W kwestii testowania wydajności sprzętu i oprogramowania, ze szczególnym uwzględnieniem dystrybucji Linuksa, trudno o większego eksperta niż Michael Larabel, znanego przede wszystkim jako twórca bloga Phoronix. Gdy te lub inne benchmarki najczęściej sprawdzają wyłącznie tylko to, jak dana maszyna rodzi sobie z samymi benchmarkami, Larabel od lat konsekwentnie rozwija autorską metodologię testów, dzięki poznajemy najszybszy sprzęt i oprogramowanie.
Na blogu Phoronix od jakiegoś czasu ukazuje się cykl podsumowań. Nie są to jednak miałkie zestawienia i wątpliwej jakości prognozy, jakie co chwilę pojawiają się w Sieci pod koniec każdego roku. Larabel w ciągu ostatnich dziesięciu lat, przeprowadzając trudną do oszacowania liczbę testów różnych konfiguracji sprzętowych i oprogramowania, zgromadził ogromną liczbę twardych danych, na podstawie których teraz wyciąga ciekawie wnioski i się nimi dzieli.
Zobacz też: Intel ujawnia plany wobec Clear Linuksa na najbliższy kwartał. Będzie się działo
Jednym z najbardziej palących pytań, jakie można zadać Larabelowi jest pytanie o to, która dystrybucja w ciągu ostatniej dekady była najszybsza. Oczywiście pytanie to można interpretować wielorako, niemniej autor bloga właśnie udzielił jednoznacznej odpowiedzi. Larabel stwierdził bowiem, że to Clear Linux „zdefiniował wydajność Linuksa w ciągu ostatnich kilku lat”. To właśnie dystrybucja Intela jest dziś wyznacznikiem niewielkiego narzutu na sprzęt i udanych optymalizacji.
W ciągu ostatnich lat zgromadzonych zostało wiele dowodów na ogromnę osiągnięcia Clear Linuksa w kwestii zagospodarowywania mocy obliczeniowej procesorów x86_64. Nie będzie przesady w twierdzeniu, że dystrybucja ta stała się dla programistów Intela polem do popisu w zakresie optymalizacji. W rezultacie od trzech lat Clear Linux deklasuje w testach Phoroniksa kolejne wersje Ubuntu, Archa, Fedory czy inne dystrybucje kierowane na stacje robocze.
Zobacz też: Clear Linuksa można już zainstalować na Windows Subsystem for Linux
Co ważne, mijający rok był w rozwoju Clear Linuksa być może kluczowy. Intel zdecydował, że oprócz dostarczania licznych skryptów optymalizujących, ściślej sprecyzuje adresatów dystrybucji, którymi są odtąd deweloperzy. W rezultacie dystrybucja pozbyła się swojej największej bolączki w postaci niewielkiej liczby dostępnych domyślnie pakietów. Problem rozwiązano, dostarczając gotowe paczki (np. kierowane do programistów C c-basic bundle) zarządzane autorskim menedżerem swupd.

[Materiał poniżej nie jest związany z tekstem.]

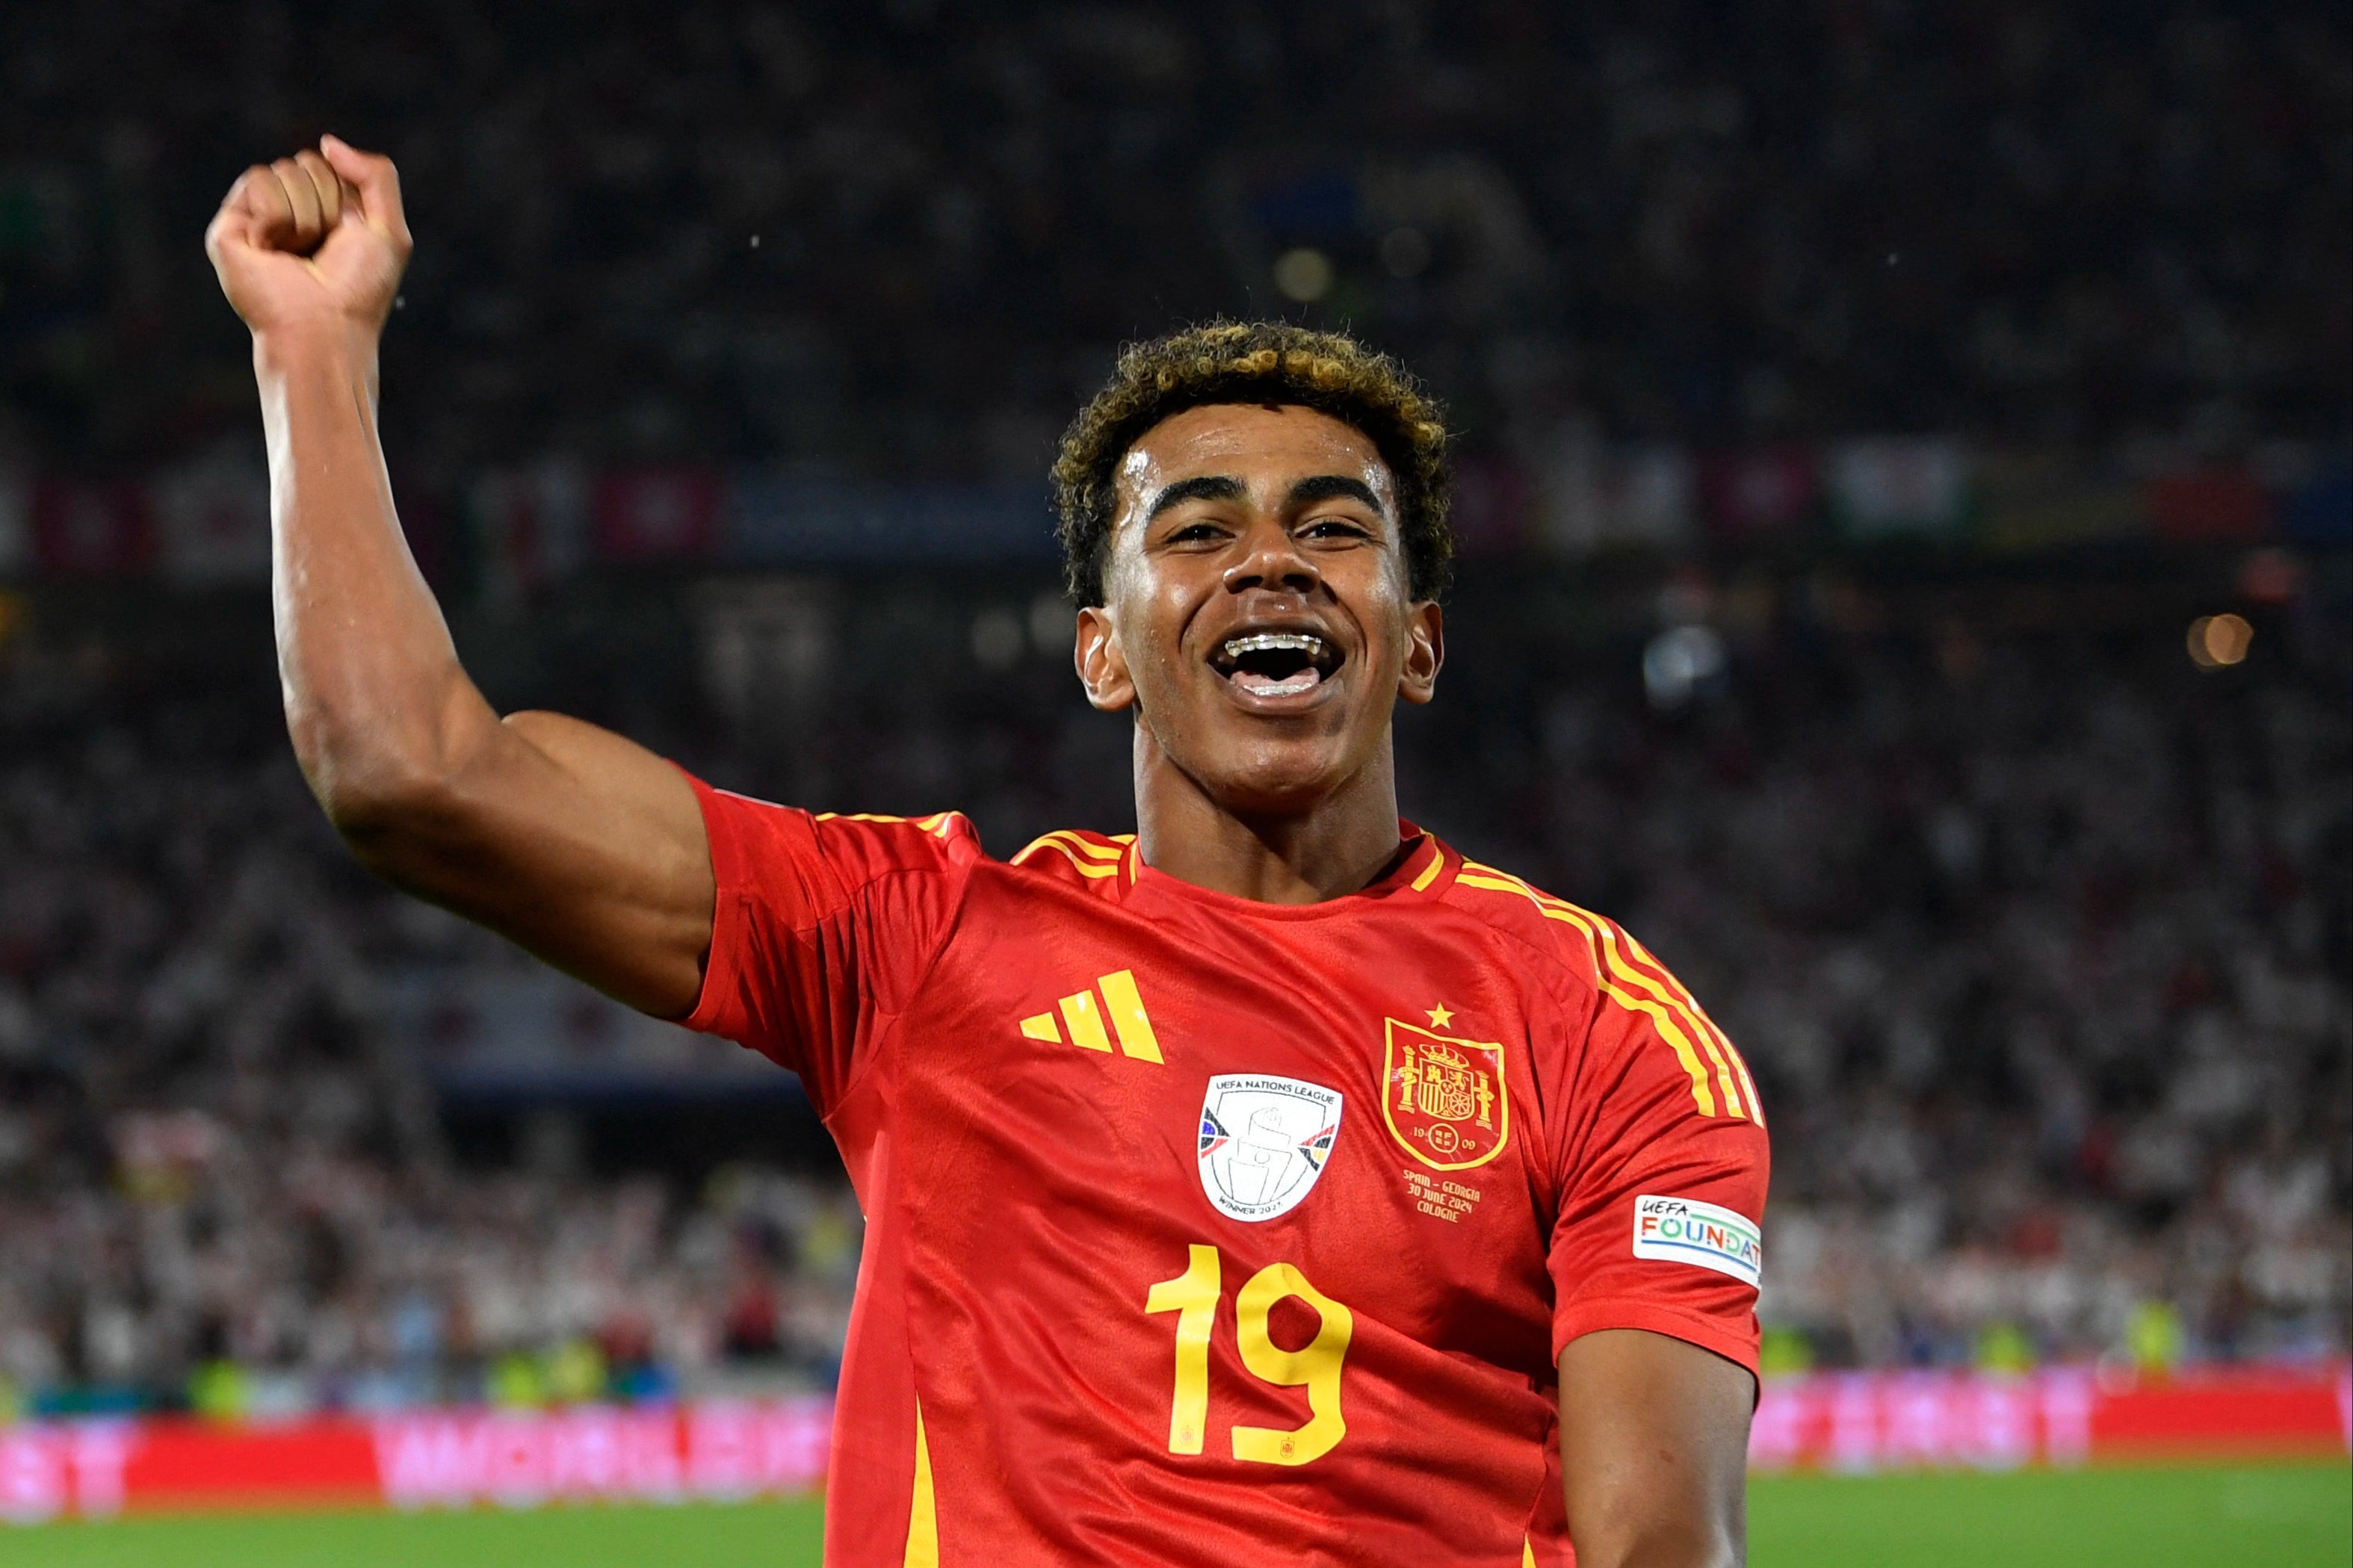 Spain’s Lamine Yamal has sparkled during Euro 2024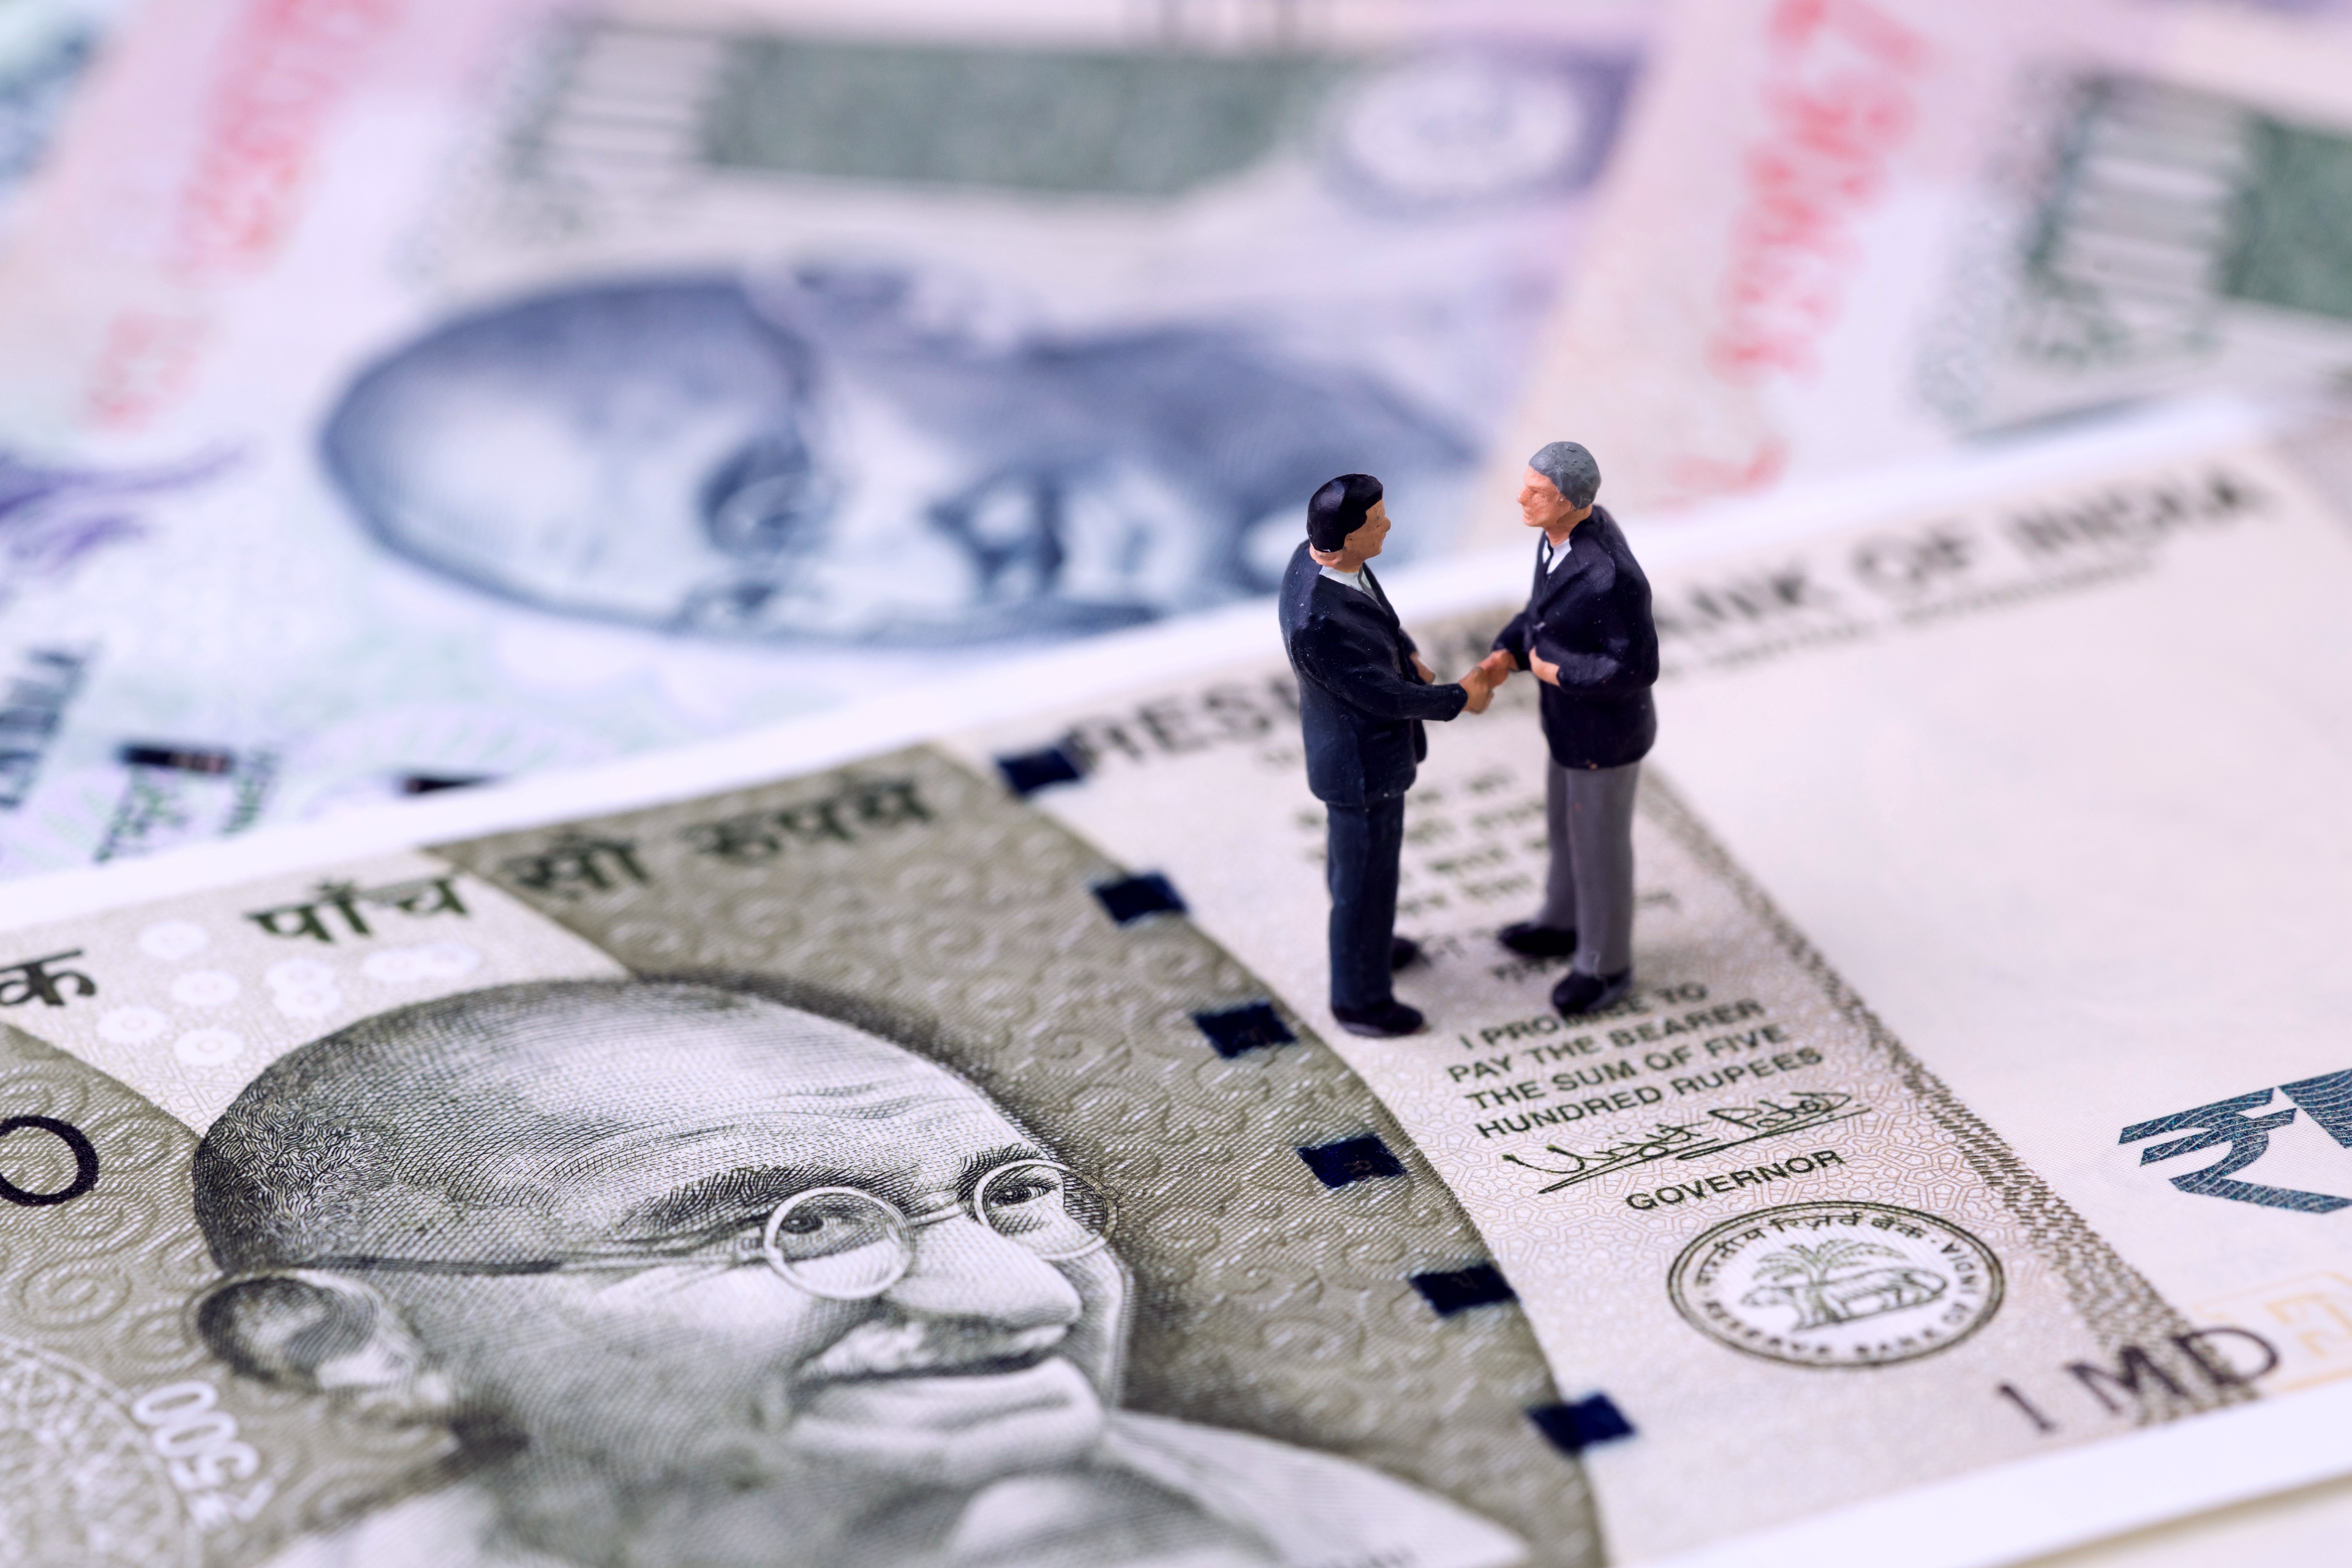 Internationalization of INR: Indian rupee gaining global recognition

Również w kwestii wydajności rok 2019 był dla Clear Linuksa udany. Intel nie tylko nie zszedł z obranej ścieżki, dzięki której zasłużył na miano najwydajniejszej dystrybucji ostatniej dekady, ale także zrobił na tej ścieżce kolejne kroki. Dość powiedzieć, że mijający rok dystrybucja Intela zamyka z sumarycznym 7-procentowym wzrostem wyników z 80 testów wydajnościowych Phoronix Test Suite w porównaniu z rokiem 2018. Oby tak dalej!